Patent power
While the number of Indians reading foreign newspapers is limited, and those going beyond the headlines into the editorial columns an even smaller fraction, it’s interesting to see how bad news continues to get picked up very fast.
So, when The New York Times ran an editorial on January 18 lambasting India for tilting in favour of large pharmaceutical firms while formulating the new patents regime, it went around the email circuits rapidly and also found its way into newspaper columns in the country.
A former colleague had a large story extensively quoting from the editorial, even endorsing the view that when the ordinance has to be ratified, Parliament should change it since according to the NYT it “does not even take advantage of rights countries enjoy under the WTO to protect public health”.
My view is the NYT’s got it wrong since issues like low-priced drugs are effectively dealt with. For this column, however, let’s ignore the benefits of the ordinance in terms of what it will do to spur R&D since Indian firms will now be able to get their discoveries patented and therefore the benefits to Indian patients will be significant—do you know that there hasn’t been a new drug for diseases like TB for more than 25 years now and for over 40 in the case of malaria?
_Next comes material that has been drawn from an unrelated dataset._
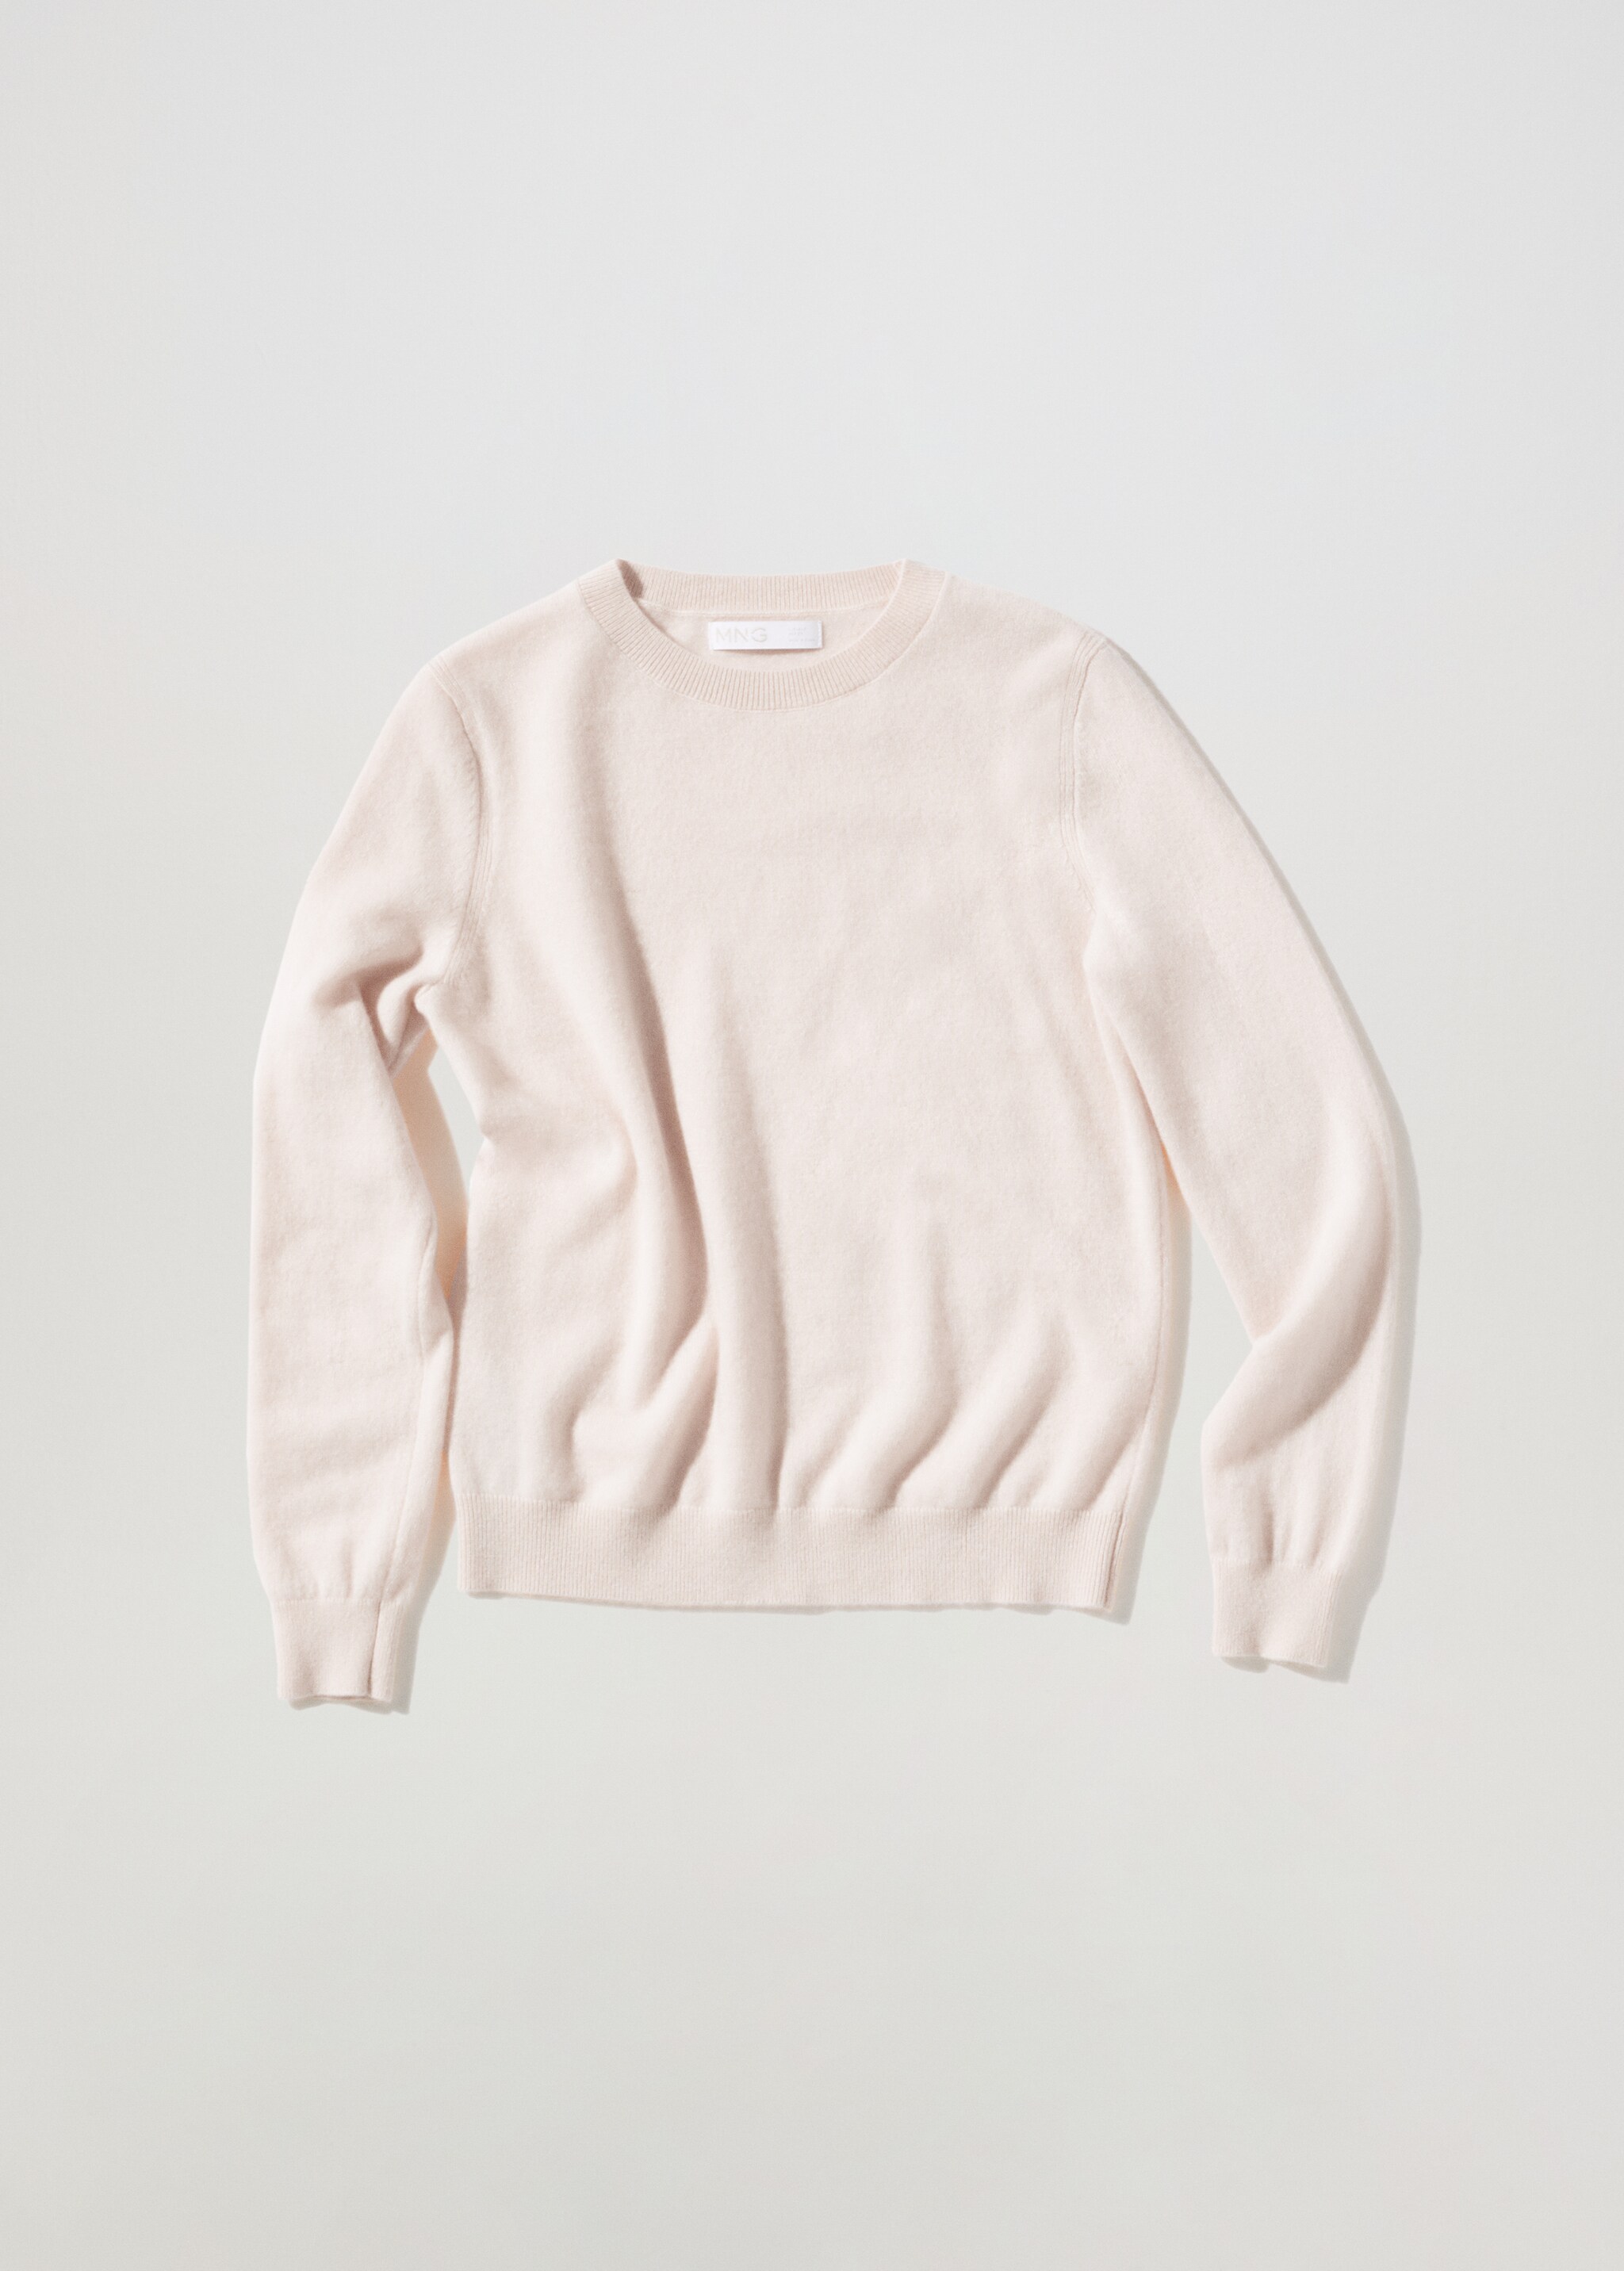 100% cashmere sweater - Article without model

These are not diseases and therefore drugs that interest western pharmaceutical firms and so far Indian firms haven’t bothered to develop new cures either since there was no great money to be made out of them (thanks to the DPCO, which controlled prices for medicines) and in any case any new drug would be copied by others in the absence of patent protection.
The first issue NYT deals with is that while countries such as Malawi can get anti-AIDS copycat drugs from India which cut down the price of anti-retroviral therapy from $12,000 a year to around $140, this will not be allowed anymore since “getting a compulsory licence would be slow and difficult; each application would face a fight from multinational drug firms and the governments that do their bidding”.
Apart from the fact that it isn’t very nice, or correct, to be labelled a country which does the bidding of MNCs, under the Doha declaration, which dealt with issues of low-cost drugs, it is Malawi that needs to issue a “compulsory licence” which allows legal copying of an existing patented drug.
Clause 54 of The Patents (Amendment) Ordinance, 2004, says “compulsory licence shall be available for manufacture and export of patented pharmaceutical products to any country having insufficient or no manufacturing capacity in the pharmaceutical sector for the concerned product to address public health problems, provided compulsory licence has been granted by such country”.
What of us? How do we ensure new drugs are available at what we determine to be a reasonable price? The Patents (Amendment) Act, 2002, deals with this, and the 2004 ordinance leaves this unchanged.
One of the clauses dealing with this says compulsory licences will be triggered by various criteria as general as “the reasonable requirements of the public with respect to the patented invention have not been satisfied” or “the patented invention is not available to the public at a reasonably affordable price”.
The 2002 Act in fact may be overly generous on “compulsory licence” since it allows for this if even “a market for export of the patented article manufactured in India is not being supplied or developed”—in one case I was told of, a host of firms in India made grounds for a “compulsory licence” for producing Viagra for export to Virgin Islands arguing the patent holder was not supplying its wonder cure to this market!
Needless to say the Viagra export orders allegedly emanating from Virgin Islands were several hundred times higher than those required to service the needs of Virgin Islands’ residents over their lifetime.
There is then the issue of “evergreening” of patents the NYT talks of, or the policy to keep patents alive forever by finding new uses for existing drugs and then applying for a new patent (like Viagra being used for curing erectile dysfunction after it was discovered as a cure for heart problems), or by even by changing doses of the drug (such as a once-a-day ciprofloxacin dose with a controlled release mechanism as compared to a conventional twice-or-thrice daily drug).
The 2002 Act doesn’t allow this and says a patent will be granted only to a “new product or process involving an inventive step and (is) capable of industrial application”.
The reason this is hitting big pharma is that I’ve been given presentations by an MNC on how the concept of patents remains restrictive under the ordinance, and how Indian firms themselves are applying for dosage-change type patents in global markets.
Indeed, with all patent offices in the process of getting linked online and the patent examination process getting faster (with six times as many examiners today the entire mailbox of applications will be ready for publication within five months), the new regime’s already looking good—indeed, the timelines for examining patents and filing opposition to them have also been streamlined.
From the point of view of those, like myself, who felt India’s traditional knowledge base would get patented abroad (such as the limited exercise with neem), the good news is that the traditional knowledge base that CSIR chief Dr R A Mashelkar was asked to develop in the late 1990s already has 1.8 lakh records, of which 1.3 lakh have already been digitised.
So, the next time someone in the US tries to patent the use of adrak (ginger) and honey to cure a common cold, for instance, he’ll be told to go take a hike since it will be present in our database.
Postscript: I’m glad we’re reading foreign newspapers a lot more closely now, but let’s not take their word as the gospel.